Los tiranos felices
Alexandr Lukashenko, presidente de Bielorrusia, era un hombre feliz el domingo cuando anunció su abrumadora victoria en la consulta popular que elimina la limitación a dos mandatos de la jefatura del Estado y le permite presentarse de nuevo en 2006. El hecho de que cantara victoria cuando no se había contado ni el 1% de los votos extrañó en Minsk tan poco como el que los resultados finales confirmaran las dotes de adivino del batka (papa) bielorruso. Según los datos oficiales, la participación en un 80% y más del 76% de votos favorables a la eternización de Lukashenko en el poder han confirmado otro augurio del presidente hecho durante la campaña: "Demostraremos quién manda. Tenemos poder y técnicas para ganar". Tenía razón. Desde que fue electo en plena conmoción postsoviética en 1994, Lukashenko se ha ganado a pulso la fama de no mentir cuando amenaza. La oposición, la OSCE, observadores independientes y organizaciones de defensa de los derechos humanos han puesto el grito en el cielo ante la obscenidad del fraude. Lukashenko les ha recomendado que "se ocupen de sus propios asuntos".
Es evidente que el caudillo que ha convertido la "Rusia blanca" en un pozo negro está satisfecho consigo mismo y el aparato bolchevique que le es tan fiel a él como al manual del chekista elaborado en su día por Féliks Dzershinski, aquel aristócrata sanguinario polaco compañero de fatigas de Lenin y Trotsky. Lukashenko ha logrado reimplantar el monopolio del Estado en el uso de la violencia, en la producción, en el comercio, en la corrupción, en la información y, salvo alguna muerte pasional que escape a su control, también en el crimen. Si un periodista, un líder estudiantil o un obrero bielorruso destaca en su insistencia en molestar, exigiendo siquiera las pocas libertades y transparencia que el Kremlin de Vladímir Putin aún concede a los rusos, nuestro batka triunfante demuestra que, además de adivino en cuestiones de recuento, es también mago y hace desaparecer para siempre al pobre diablo insatisfecho. Las palizas, detenciones arbitrarias, amenazas a familiares de opositores y demás métodos de represión son hábito para unos bielorrusos que echan ya de menos la "seguridad jurídica" en la URSS.
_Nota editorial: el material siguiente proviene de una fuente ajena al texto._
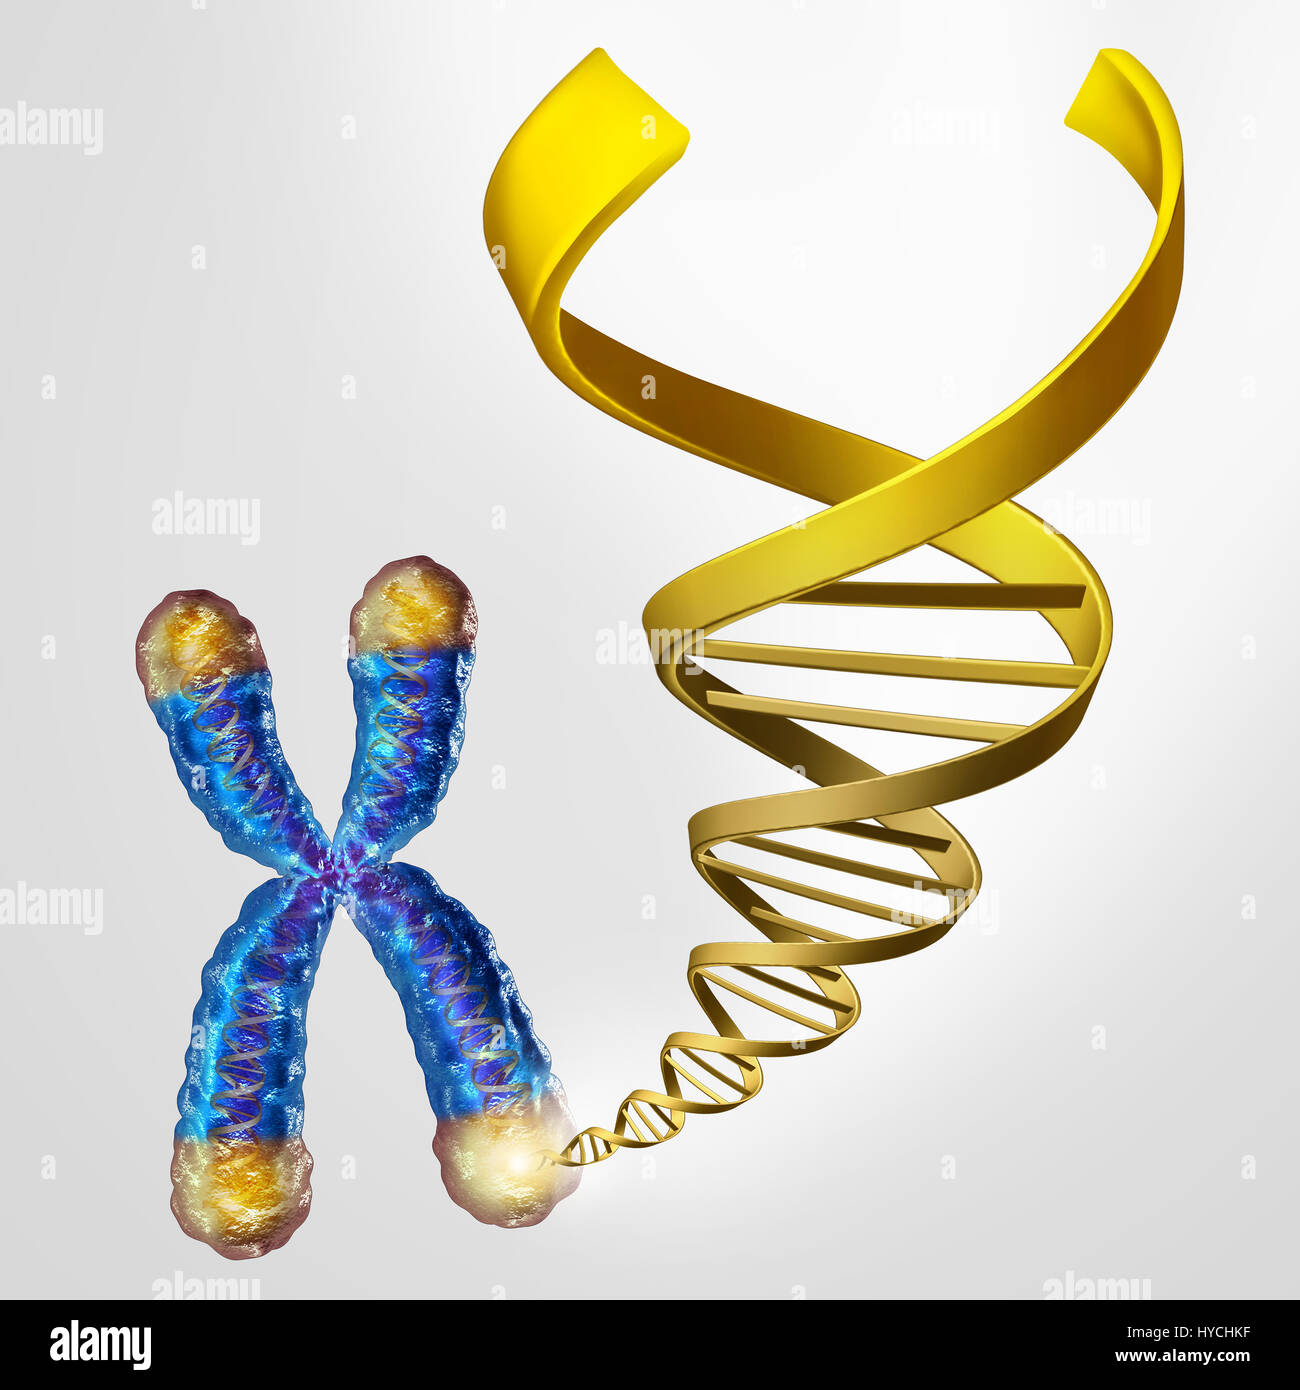 Telomeres DNA and telomere length medical concept on the end caps of a chromosome as a symbol for aging and genetic protection. Stock Photo
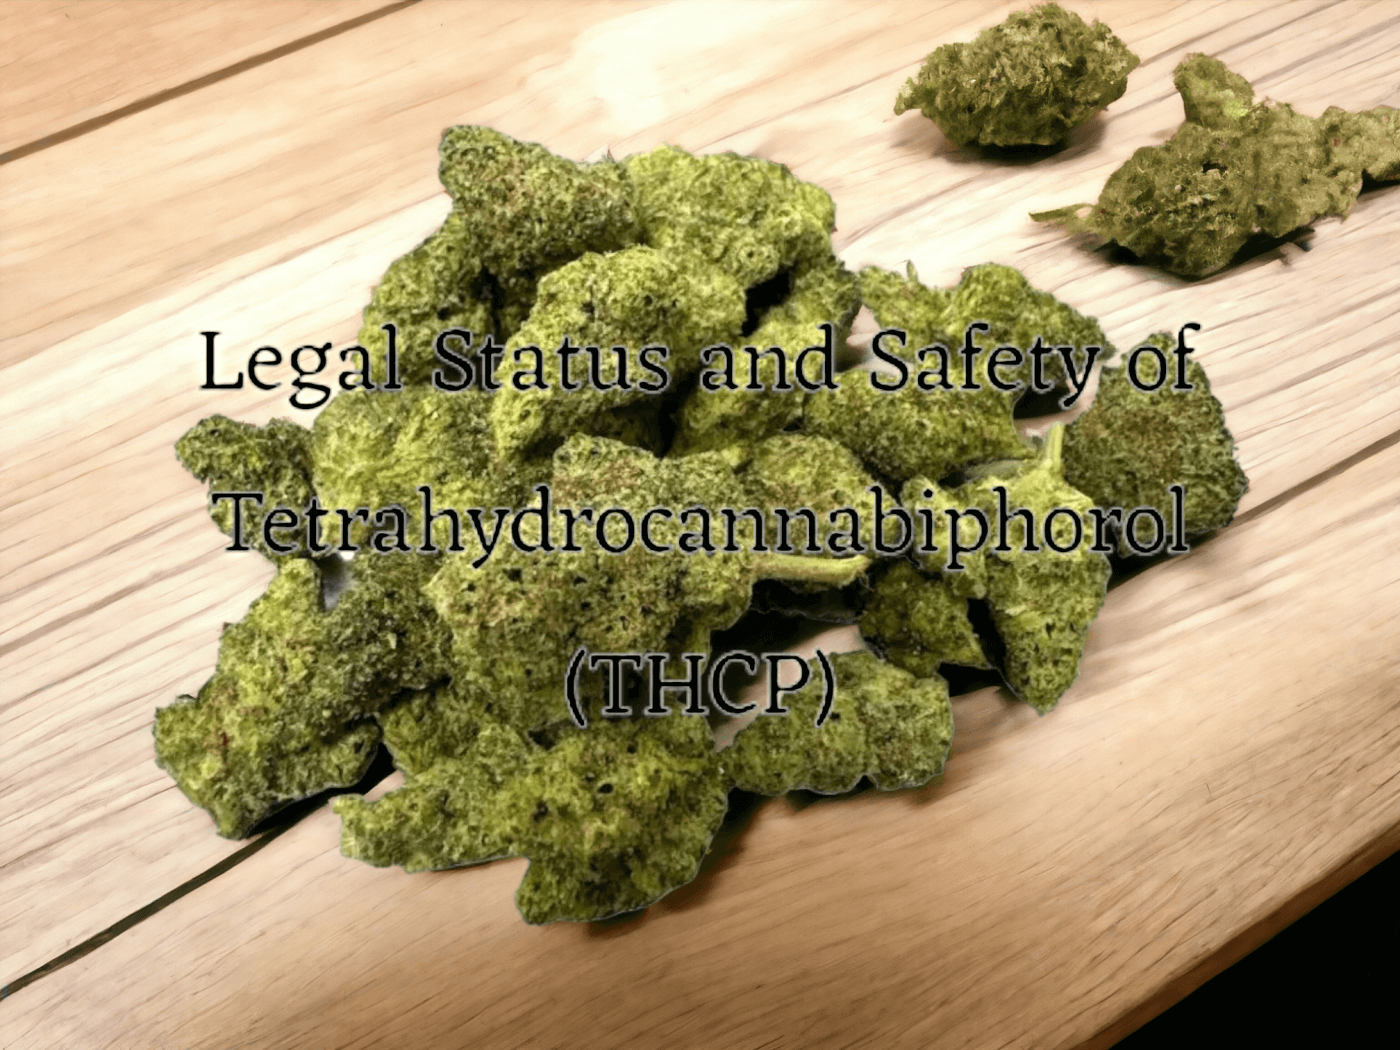 Decoding the Legality and Safety of Tetrahydrocannabiphorol (THCP)

Eso sucede en un país vecino de la Unión Europea, aquí mismo, en la frontera sur de Lituania y norte de Polonia. Pero no pasa nada y nadie hace nada, y poco manifestante cabría convocar para protestar contra tanta vileza, violencia y abuso. Porque aquí hacemos caso al gran batka y consideramos que la suerte de los 10 millones de bielorrusos es "asunto suyo", es decir, de Lukashenko y de su aparato mafioso- leninista. Si las dictaduras grandes pueden dar miedo al mundo, las pequeñas sólo son capaces de aterrorizar a sus súbditos. Si se es capaz de ignorar la miseria y el dolor que generan, desde fuera, desde las cómodas atalayas de las sociedades libres, estas dictaduras son poco más que patéticos terrarios con una población maltratada por la mera mala suerte de haber nacido allí. Vegetación, clima y carácter popular cambian según hablamos de Cuba, de Corea del Norte o de Bielorrusia. Son invariables por el contrario el desprecio al individuo, la omnipresencia del miedo, la brutalidad gratuita y la mentira todopoderosa, el oscurantismo y la pobreza.
Hace años ya que concluyó el desfile triunfal de las democracias por el globo de los años ochenta y noventa. China no se democratiza y la Rusia de Putin no sólo no pone freno a Lukashenko, sino que lo emula. La crisis de Irak ha dinamitado la alianza de las democracias occidentales. El prestigio de la sociedad abierta está en entredicho. El islamismo fanático está en pie de guerra. Indigenismos, intervencionismos y populismos resurgen con rabia y sin complejos. Mientras, en Occidente tenemos dirigentes que cuadran a la perfección con el "hombre moderno" descrito por el pensador ruso Alexander Herzen: estrecho de miras, sin pasión ni información y preso por la más absoluta debilidad de pensamiento. Así las cosas, batka y Castro, Kim Jong Il y Chávez, por citar a algunos, tienen motivos para estar felices. Muerto el determinismo histórico, ¿quién nos asegura que el futuro no son ellos?